### REQUIRED WORK
The answer must give back every line of the data exactly, with no pictures.

*** Opening of COLLECTED DATA ***

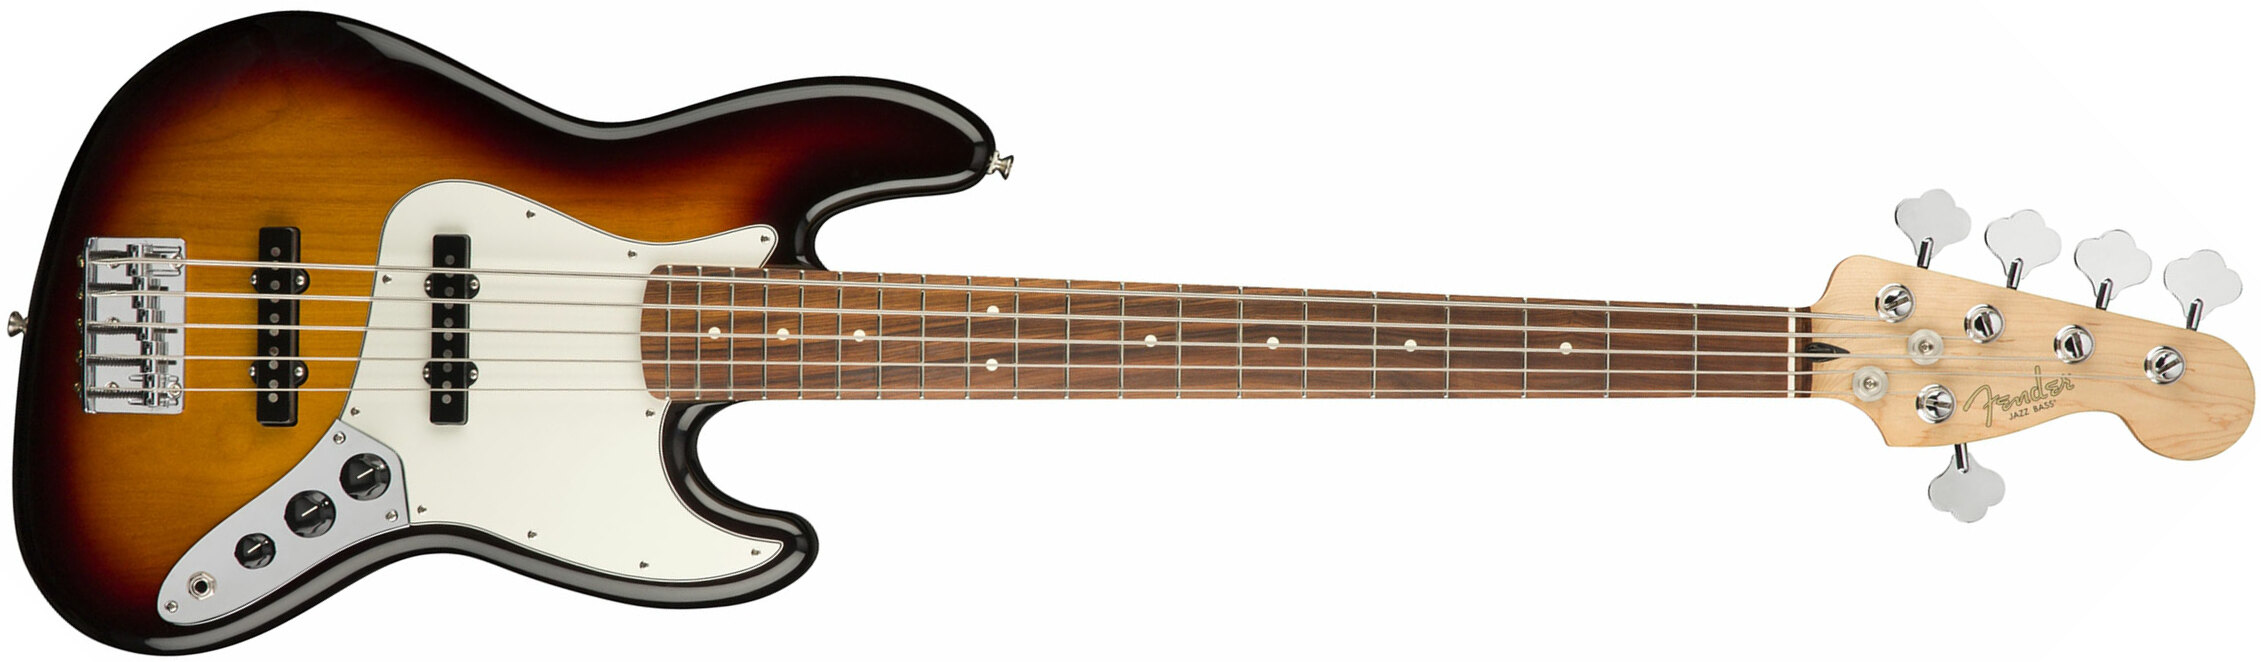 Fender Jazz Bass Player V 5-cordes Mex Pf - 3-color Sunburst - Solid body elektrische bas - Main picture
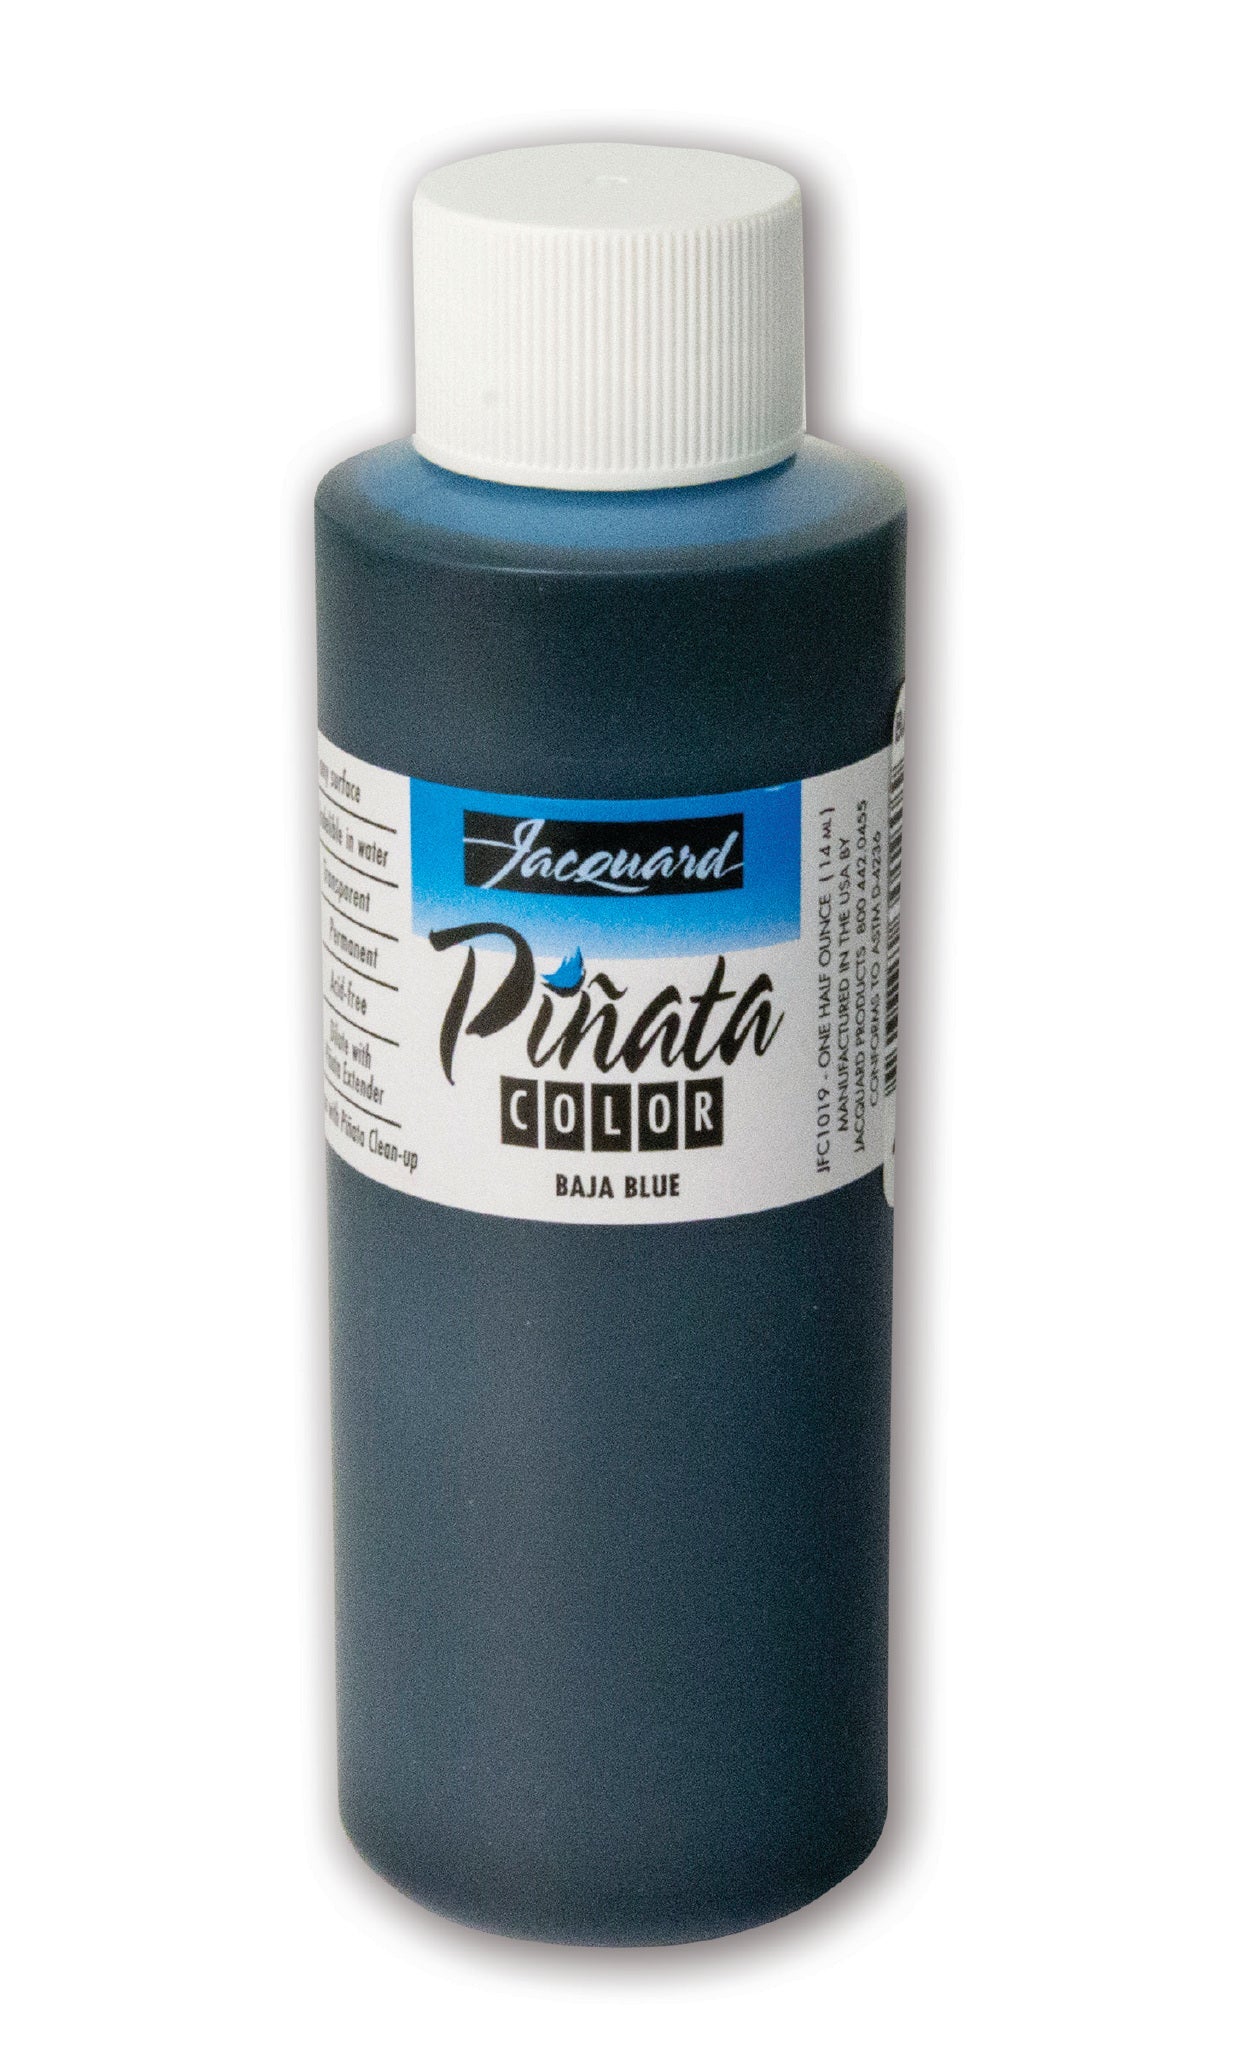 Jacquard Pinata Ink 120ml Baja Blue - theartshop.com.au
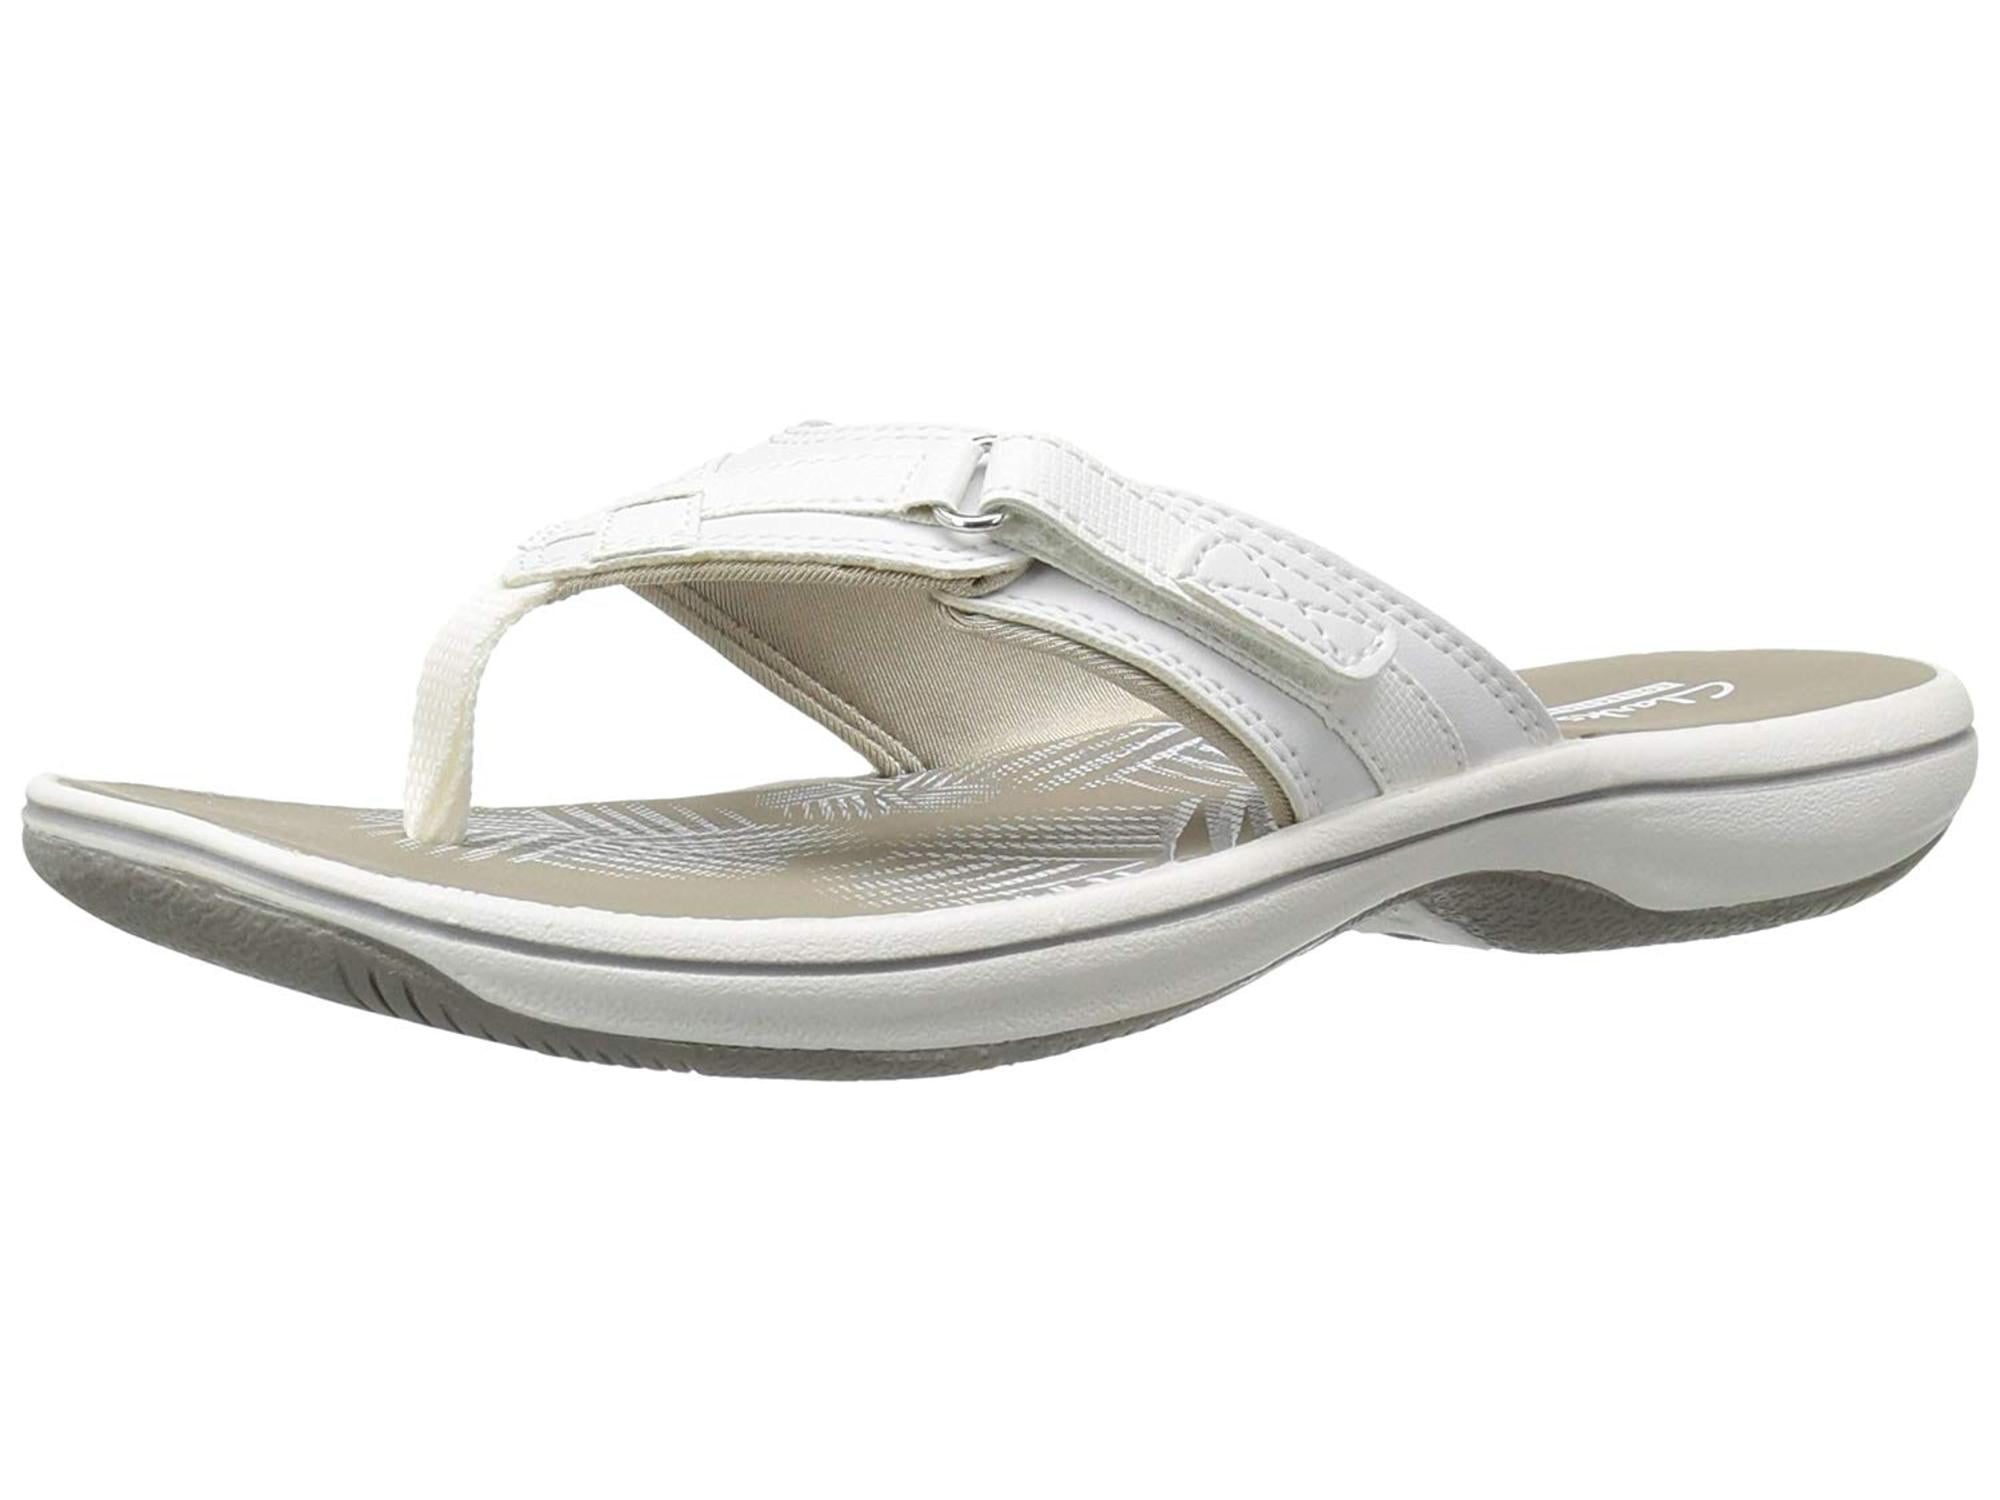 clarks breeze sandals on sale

*** Close of COLLECTED DATA ***

### SOLUTION BELOW
 Fender Jazz Bass Player V 5-cordes Mex Pf - 3-color Sunburst - Solid body elektrische bas - Main picture
 Jacquard Pinata Ink 120ml Baja Blue - theartshop.com.au
 clarks breeze sandals on sale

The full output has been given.